Obesity may be on the rise, but the market for weight-loss pills is not.
According to the Center for Disease Control and Prevention, more than 70.7 percent of the U.S. adult population is considered obese or overweight. So why is it that multiple FDA-approved weight-loss drugs seemed to have failed? Simply put, doctors aren’t prescribing them, insurers won’t cover them, and patients aren’t asking for them.
Michael Narachi, president and CEO of Orexigen, says one of the main reasons why doctors aren’t writing scripts for these weight-loss pills is because most were trained at a time when obesity wasn’t considered a disease.
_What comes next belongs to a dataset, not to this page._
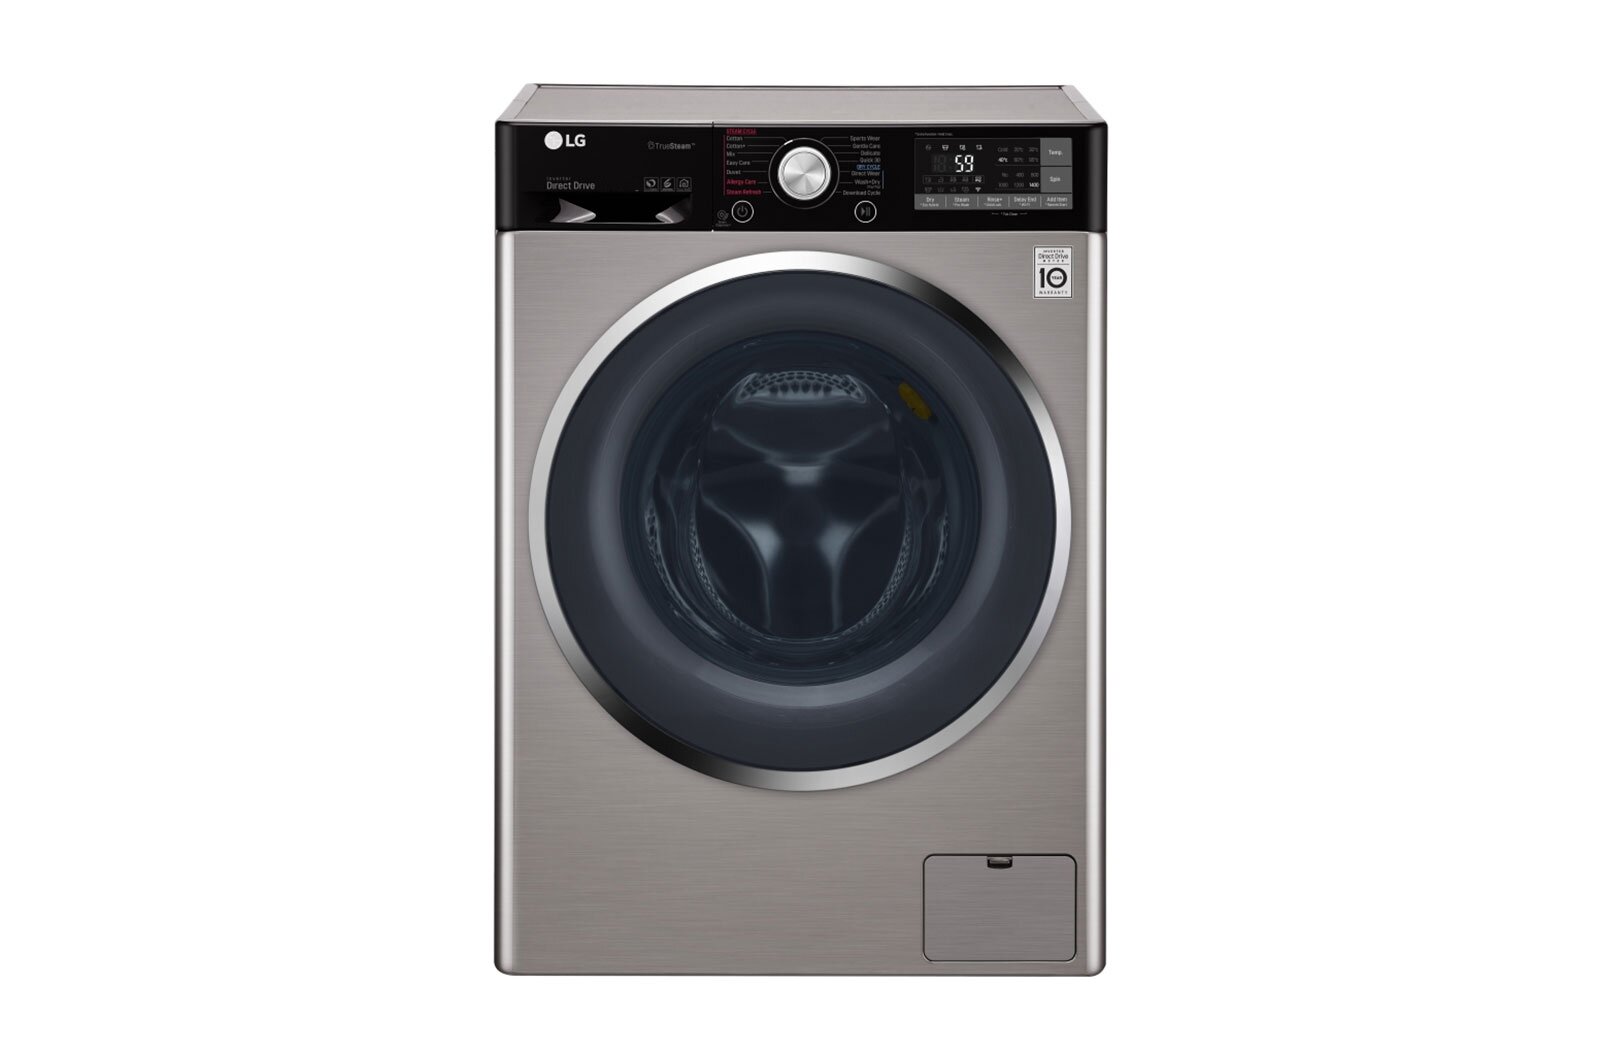 Review: LG Washer and Dryer Wash Every / Dry) Smart Living 7kg — Day (10.5kg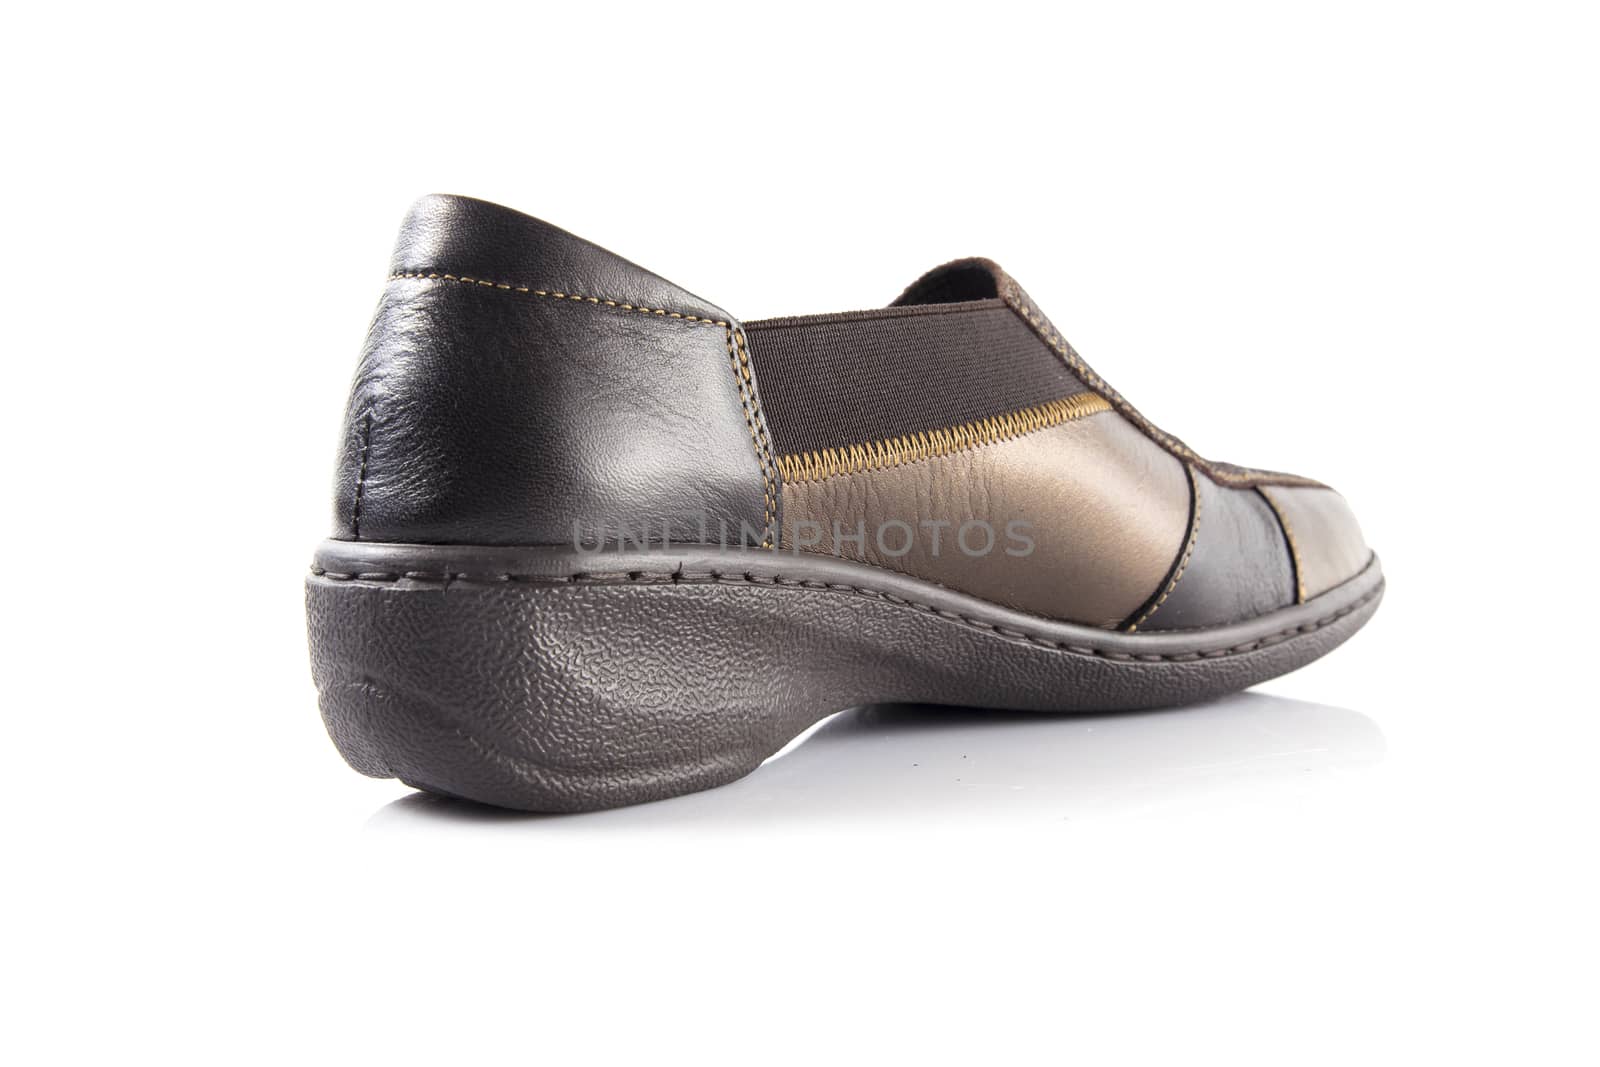 Brown leather shoes on white background, isolated product, top view.

Ania Jastreboff, M.D., Ph.D., and assistant professor of adult and pediatric endocrinology at Yale School of Medicine agrees, adding that a significant amount of education and training in the area is still needed.
“Because obesity wasn’t recognized as a disease in and of itself, and many people still don’t recognize it as a chronic disease, it wasn’t being treated as such and it wasn’t being taught in medical school,” Jastreboff said. “Nutrition would be allotted perhaps a day or two – if that – and physical activity, even less.”
Doctors have also been hesitant to prescribe some of these drugs since they have been shown to cause adverse effects.
“In the past, anti-obesity medications have had a bit of a sordid history in terms of negative side effects or even negative medical consequences, including cardiovascular events, stroke, depression, and suicidal ideations,” Jastreboff explained.
Another barrier is insurance coverage. Unlike public health systems that are committed to dealing with obesity-related issues, U.S. insurers will not cover the same patient long-term.
Then you have patients who are hesitant to ask for these types of drugs. Many of them are not convinced about the efficacy of the drugs, know taking them won’t lead to overnight success, and understand that a drug may only help them lose 5 to 10 percent of their body weight, which often isn’t enough.
As for Orexigen, the company once had plans to market the weight-loss drug Contrave through a 900-member sales team at Takeda, but in March, the Japanese drug maker dropped the partnership. Orexigen has instead focused on making changes to its upper management, hired 15 regional sales managers, and partnered with Valeant Pharmaceuticals to sell the drug in Europe.
Meanwhile, Jasteboff is focusing on physician training across the U.S. and caring for her patients. She says there has been definite progress in the areas of education and is glad there has been a shift to test and develop new medications that will give doctors new options in helping their overweight and obese patients.